Caticha: I wish I could say that I was going to completely open up our eyes to a new host of designers and women who we can point to and so easily say, “Look what she accomplished!” or “Why don’t we study her or know about her?”
Unfortunately, because of these acts of erasure, we have little left in the archives to help us tell their stories, but we can study the act of that erasure itself. We can look at the surviving clothes and trace their origins to understand who actually came up with certain designs, who made specific fabrics. Many fashions from circa 1780-1815 became fashionable in Europe only after enslaved and free women of color in the Caribbean had been wearing such outfits for decades! Yet, when we watch movies depicting this time period, such as Jane Austen flicks or even Bridgerton, we never think “Oh wait, their outfits are actually a form of cultural appropriation,” or “They are wearing outfits made by enslaved women.”
My goal in this class is to begin thinking beyond what we see or what we think we see. We will trace the objects back to their moment of production and give long overdue credit to the many people whose stories and labor have been erased from the historical record.

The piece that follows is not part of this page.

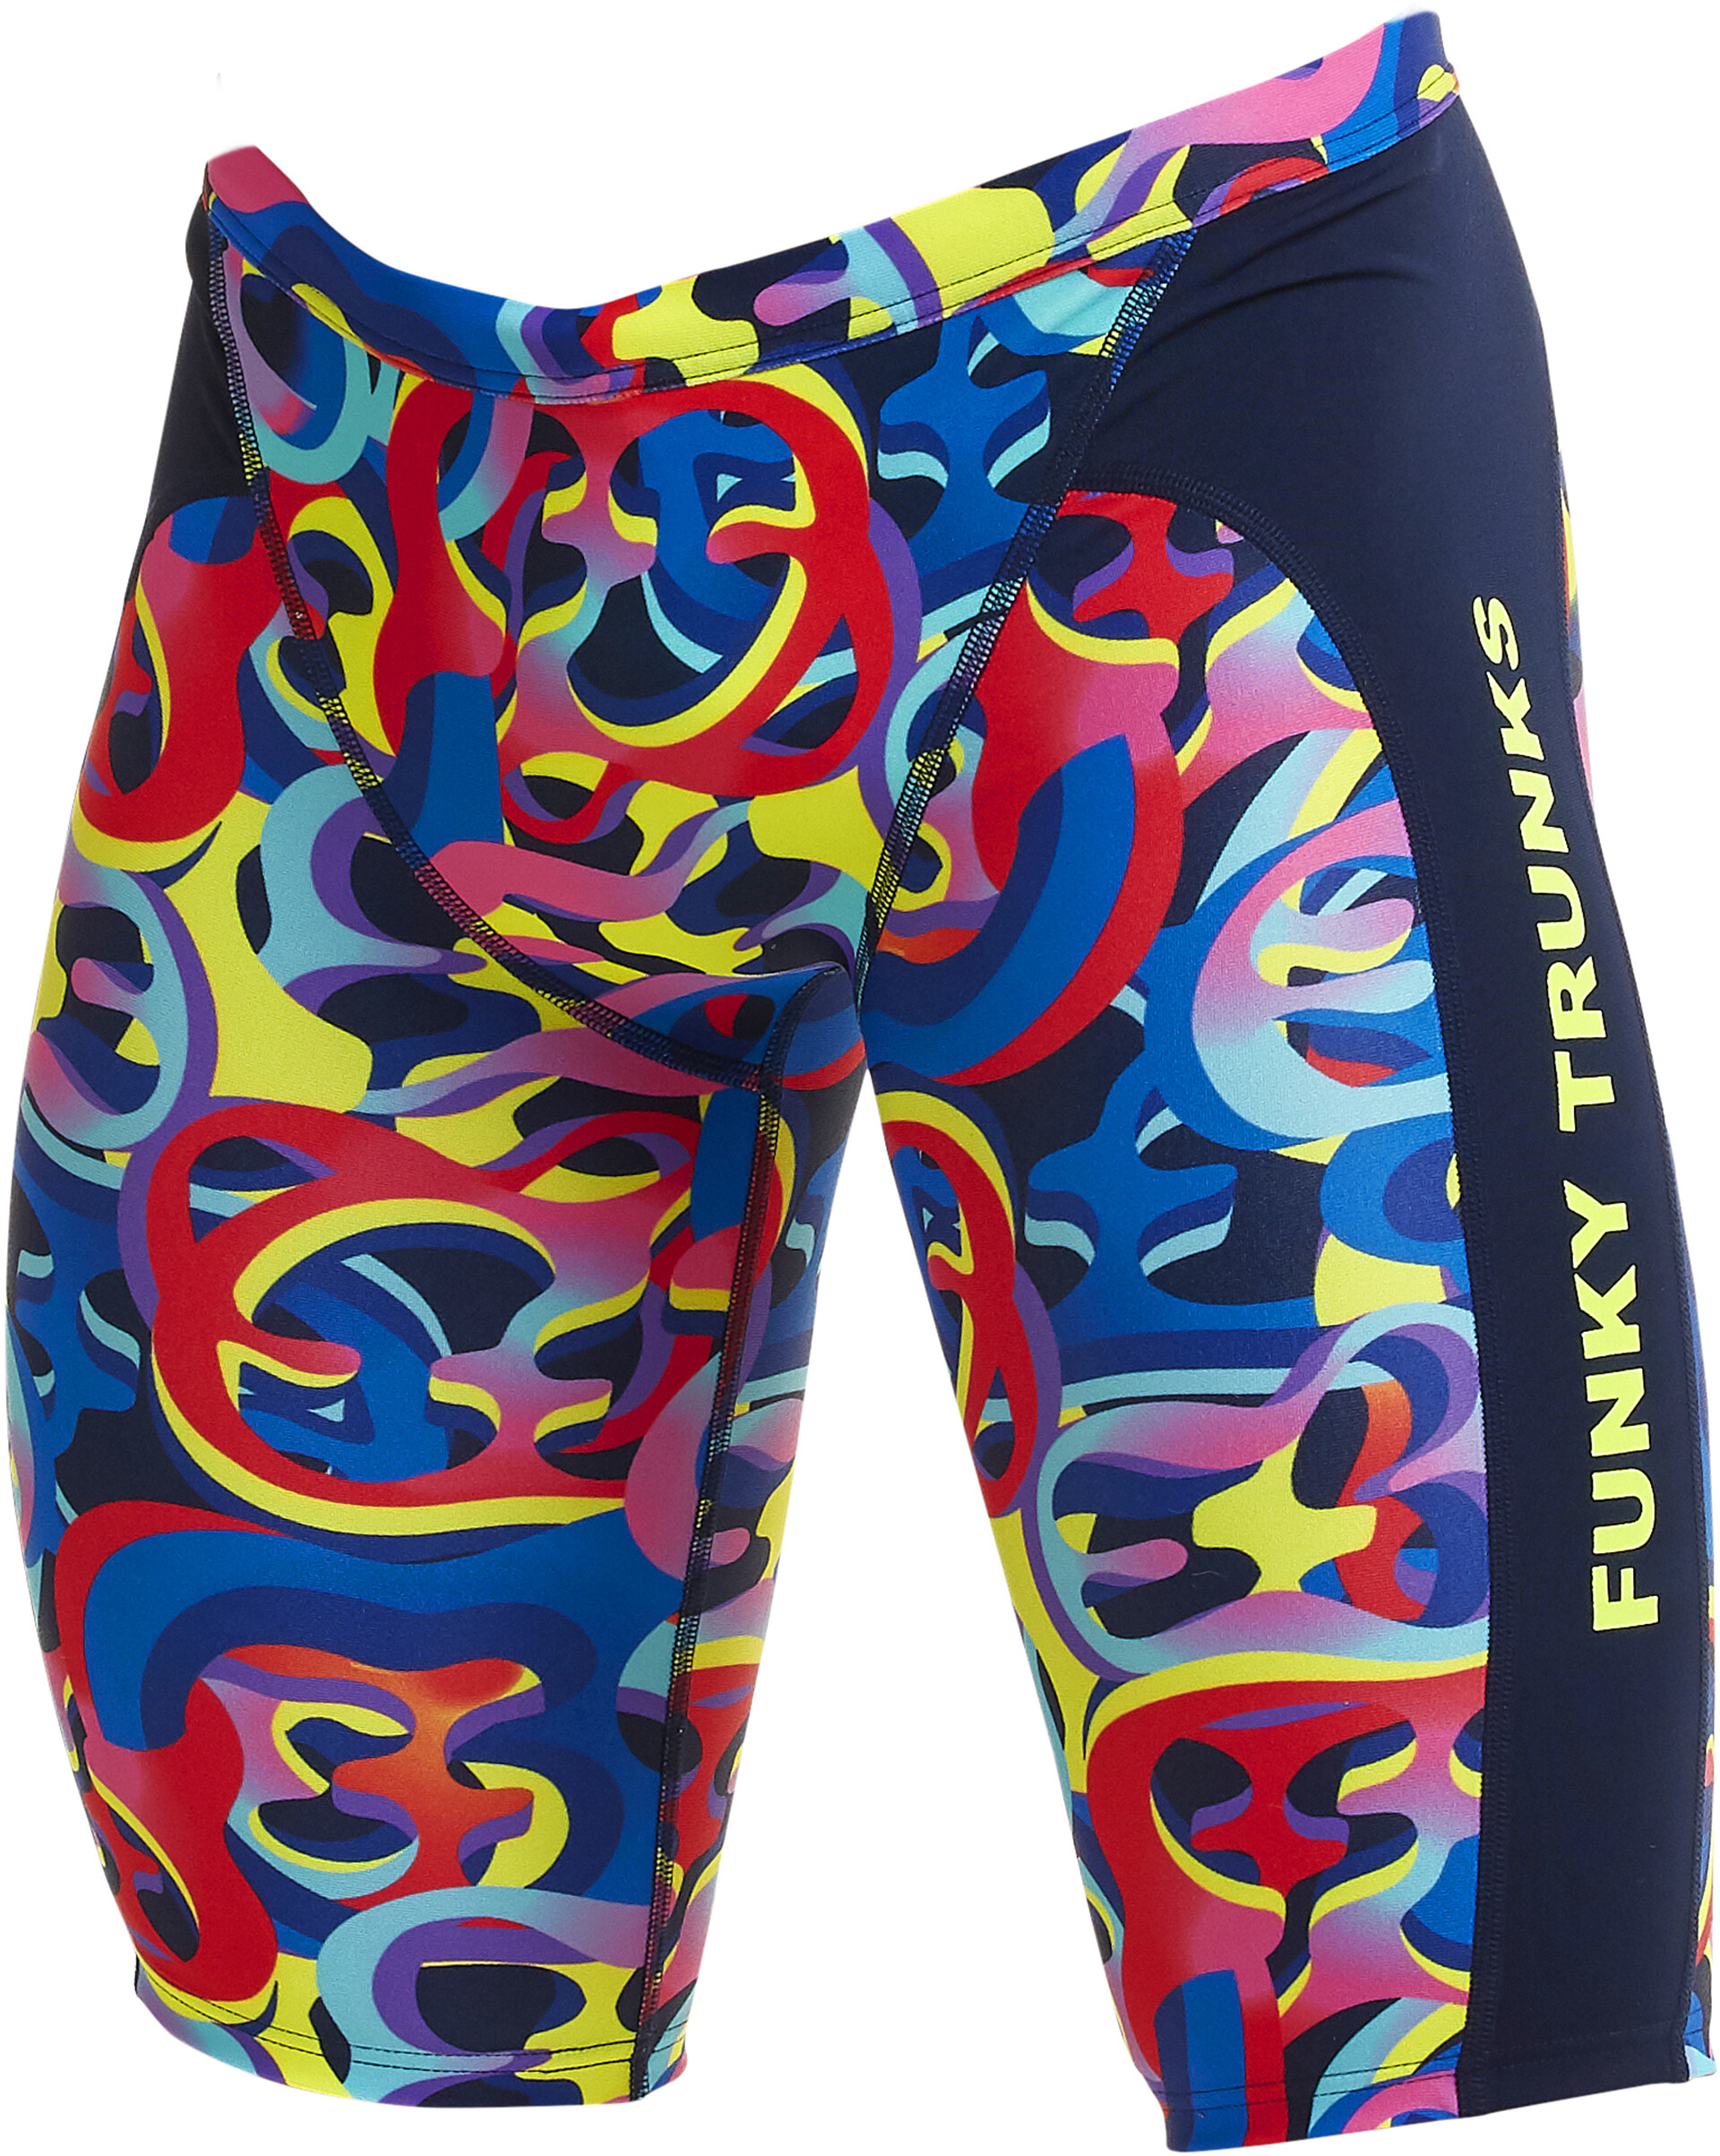 Funky Trunks Training Jammers Men organica | Addnature.co.uk

It doesn’t solve the continual whitewashing of the history of fashion, but it is a start.
Resoundingly then, fashion is an inseparable facet of art history —in academic texts, courses, fashion design, and many others. Fashion is often a vehicle for artists to communicate their messages and critiques of a myriad of issues. For example, in Gustav Klimt’s “Mäda Primavesi” (Figure 2), Klimt utilizes the girl’s dress design to indicate the prestige and sophistication of her family, who commissioned the artwork. This fashion element also contrasts with the girl’s own account (according to the Met’s description of the canvas) of being “willful and a tomboy.”
The fashion and art history curricula have become increasingly interconnected. However, like the discipline of art history itself, there is still so much change necessary, such as the order of study and what is and is not chosen to be included in the curriculum. Shedding light on non-inclusive aspects of fashion and art history studies is the initial first step to improving this nuanced subject.